Mevrouw de minister, is het mogelijk om morgen een nieuwe vergadering in te lassen om op die manier een afgesloten blok te krijgen en pas morgenmiddag met de wetsontwerpen aan te vangen?

 

10.08  Laurette Onkelinx, ministre: Madame la présidente, après les points concernant M. Dupont, nous pourrions peut-être terminer les questions?

 

De voorzitter: Het zou voor de collega's die de wetsontwerpen willen volgen goed uitkomt dat niet in de voormiddag te doen, maar enkel de toelichting bij de antidiscriminatie te geven en de resterende vragen te beantwoorden. Mijnheer Goutry, kan dat voor u?

 

We zullen de agenda wijzigen zodat u weet wanneer u aanwezig moet zijn.
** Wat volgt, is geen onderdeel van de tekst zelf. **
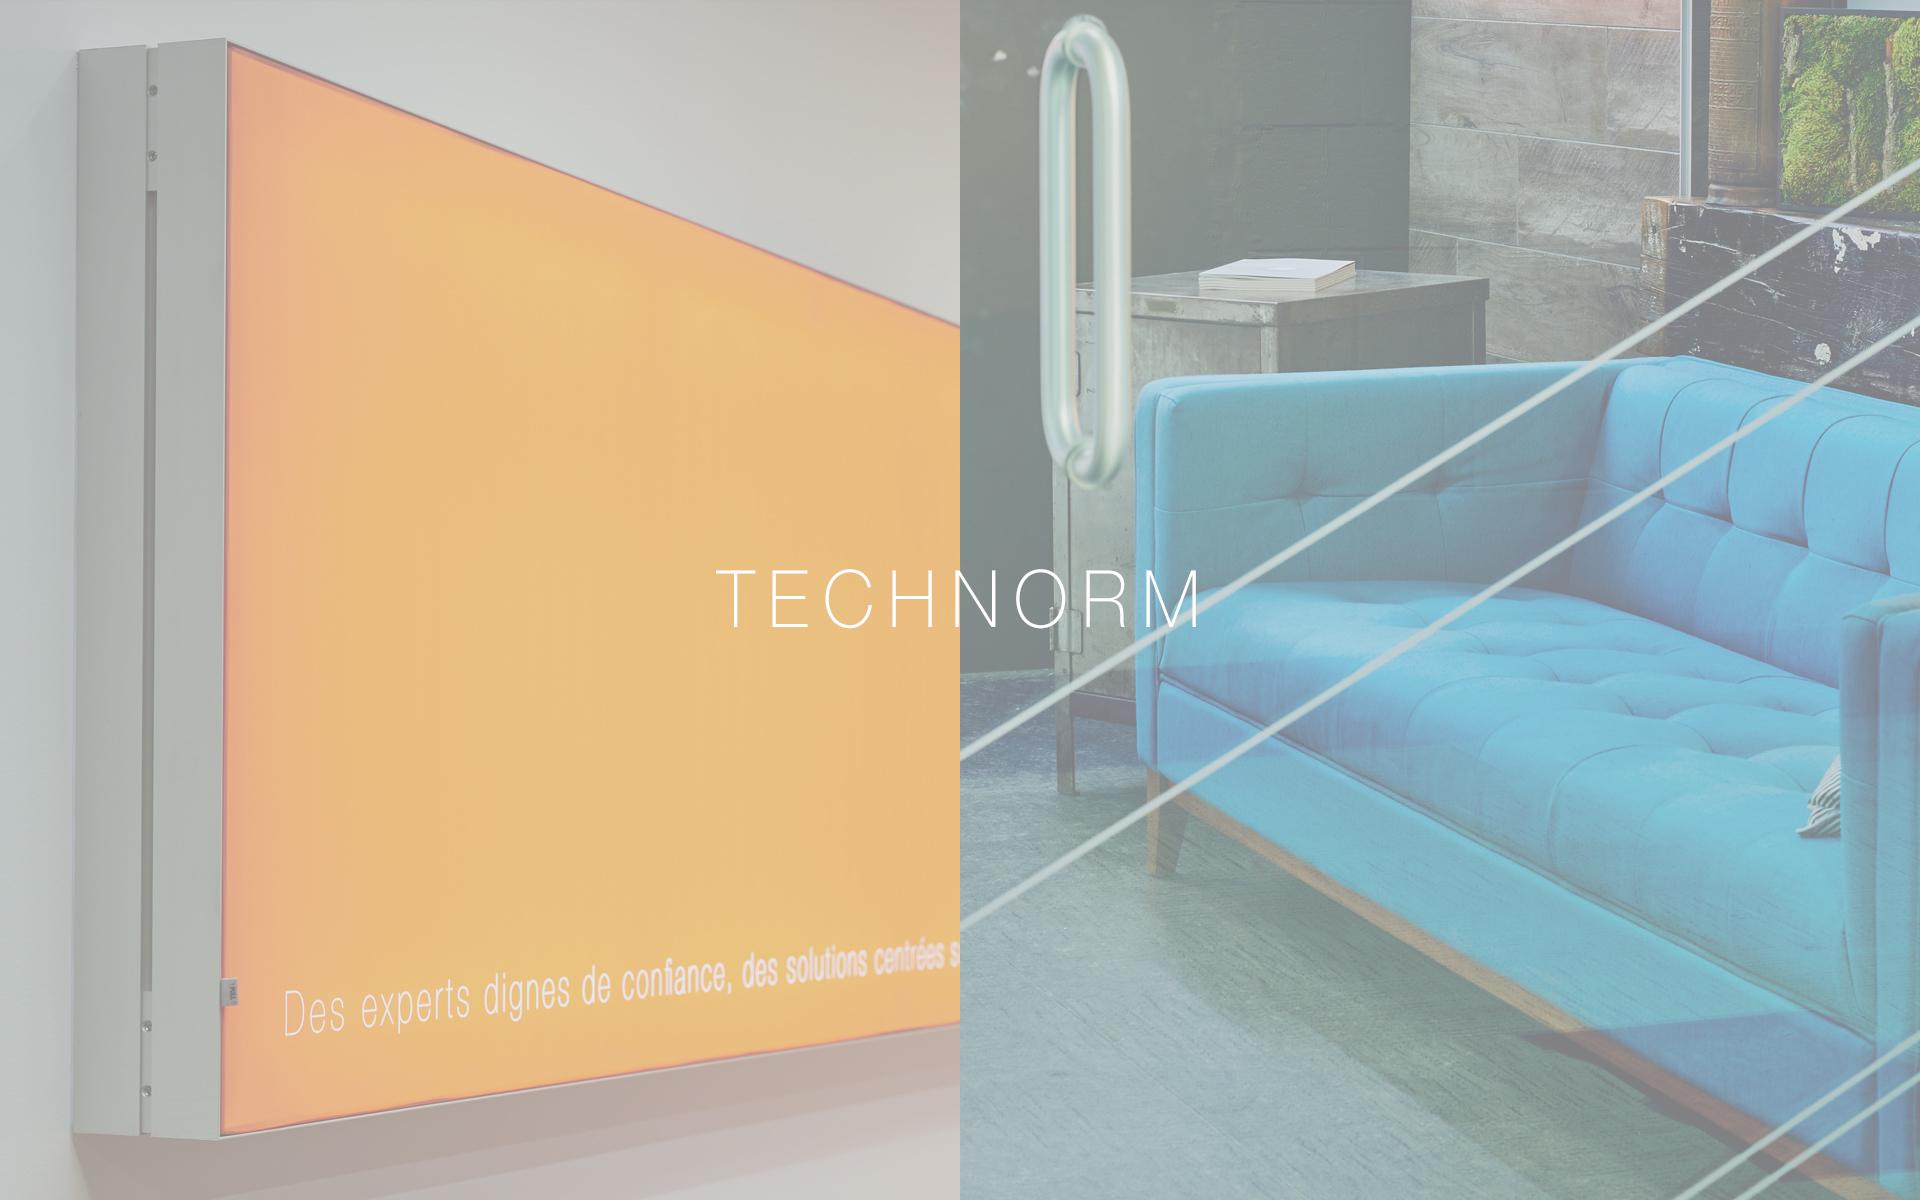 Technorm-Amenagement-ServicesGraphiques.jpg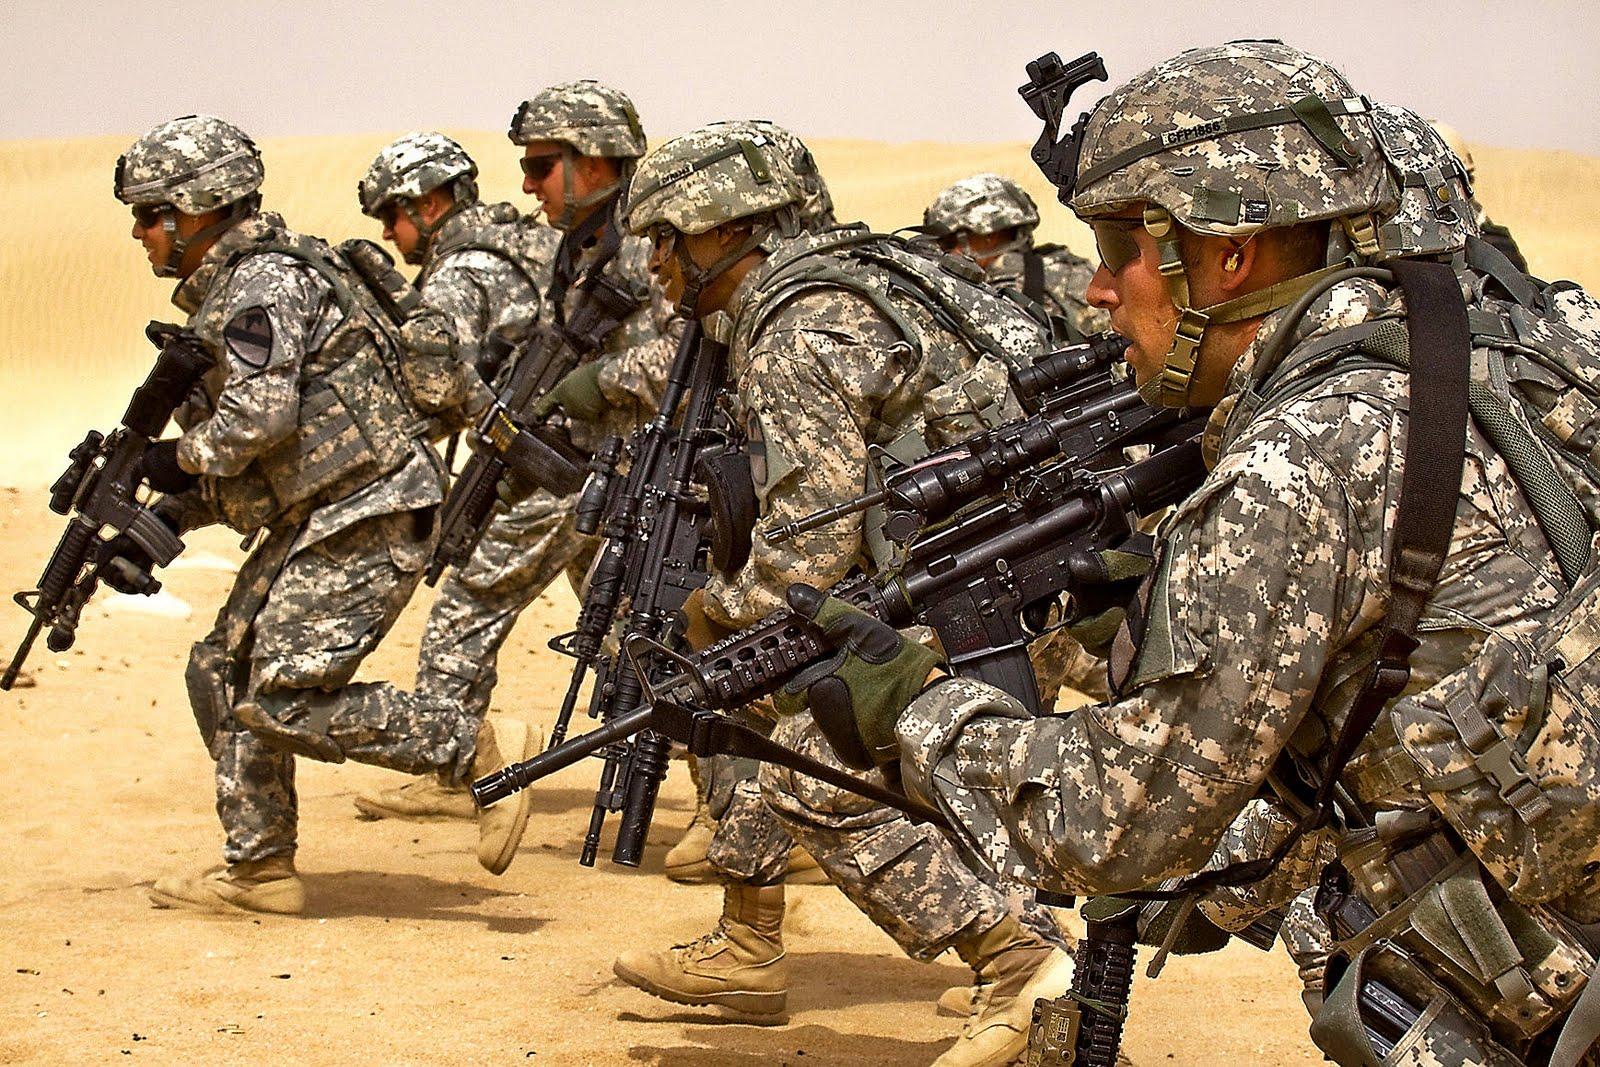 Askere giderken yanımızda götürülecekler listesi

Ik vermoed rond 11.30 uur.

 

10.09  Luc Goutry (CD&V): Ik wil mijn vraag omzetten in een schriftelijke vraag en verzoek dat het antwoord mij schriftelijk wordt bezorgd. Ik kan hier morgenochtend immers niet aanwezig zijn.

 

De voorzitter: We zetten de resterende vragen morgen aan de agenda om 11.30 uur.

 

La réunion publique de commission est levée à 12.43 heures.

De openbare commissievergadering wordt gesloten om 12.43 uur.